Julie Heginbottom, Care.com nanny and consultant, offers her top nutrition advice for breastfeeding mums
It’s been a long wait, but the Duchess of Cambridge has finally given birth to a baby boy (and our future king)! The newest, and as-of-yet unnamed member of the royal family was born yesterday at 16:24, weighed in at an above-average 8lbs 6oz, and takes his uncle Harry’s place as third in line to the throne.
But despite all the jubilations surrounding what has been described as a ‘textbook’ 12-hour delivery, there’s no doubt that Kate will be feeling exhausted as she begins to adjust to motherhood.
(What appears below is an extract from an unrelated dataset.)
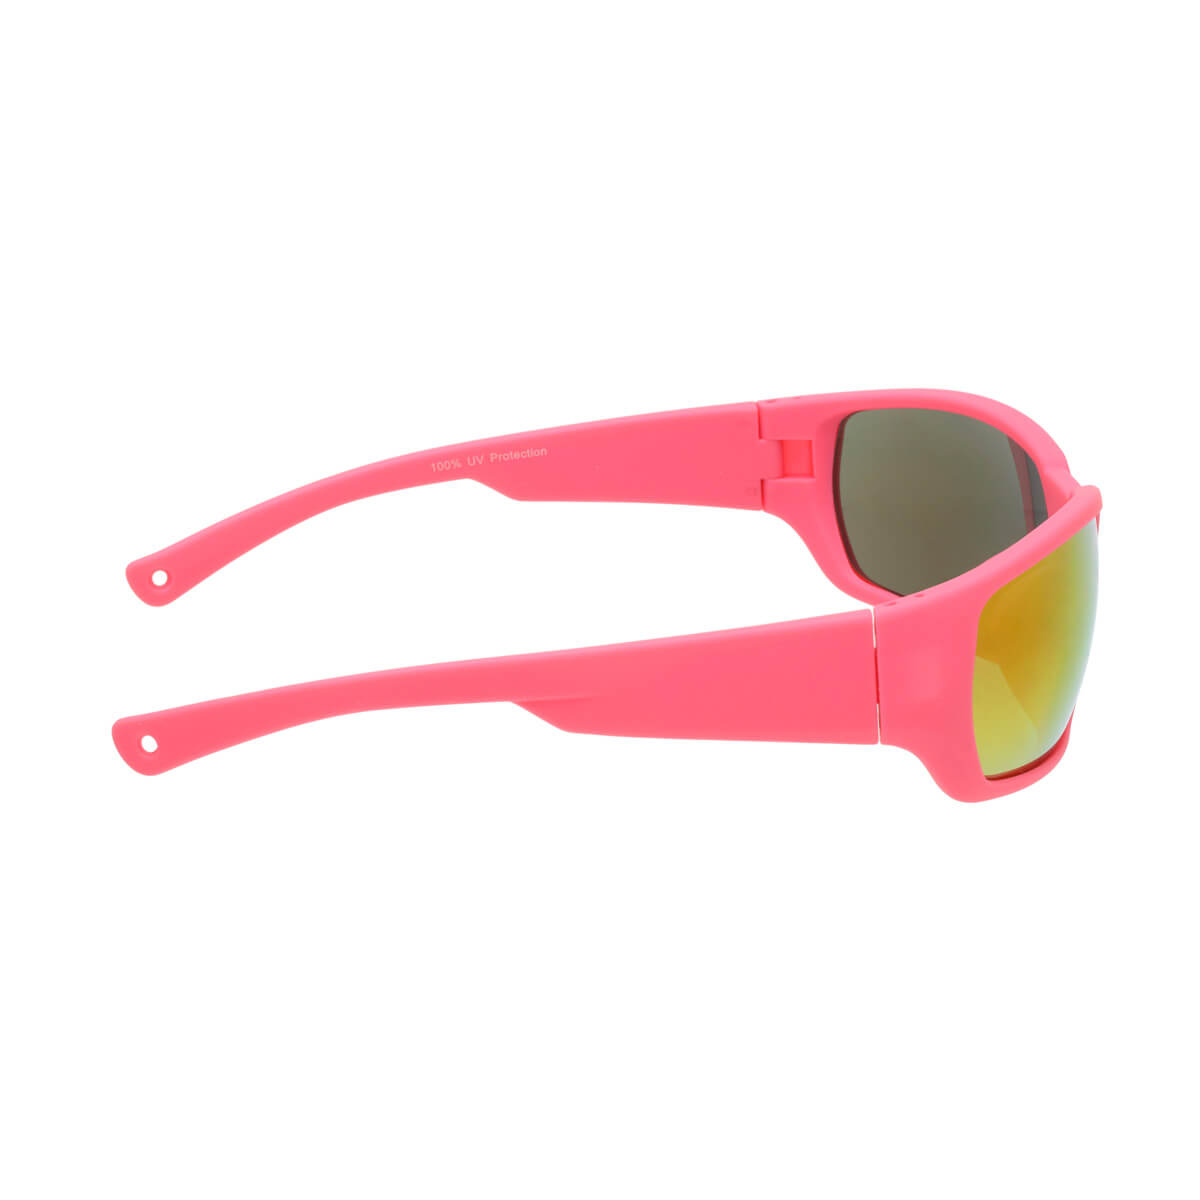 Colorful sunglasses for sports

We consulted Care.com nanny and consultant Julie Heginbottom to provide her top nutritional tips on how new mothers like Kate can keep their energy levels high while they’re nurturing their newborn. ‘A healthy, balanced diet is recommended for everyone, and this is no different for breastfeeding mothers,’ she explains. Her other advice? ‘Get as much rest as you can – and when your baby sleeps, make sure you also rest,’ she advises.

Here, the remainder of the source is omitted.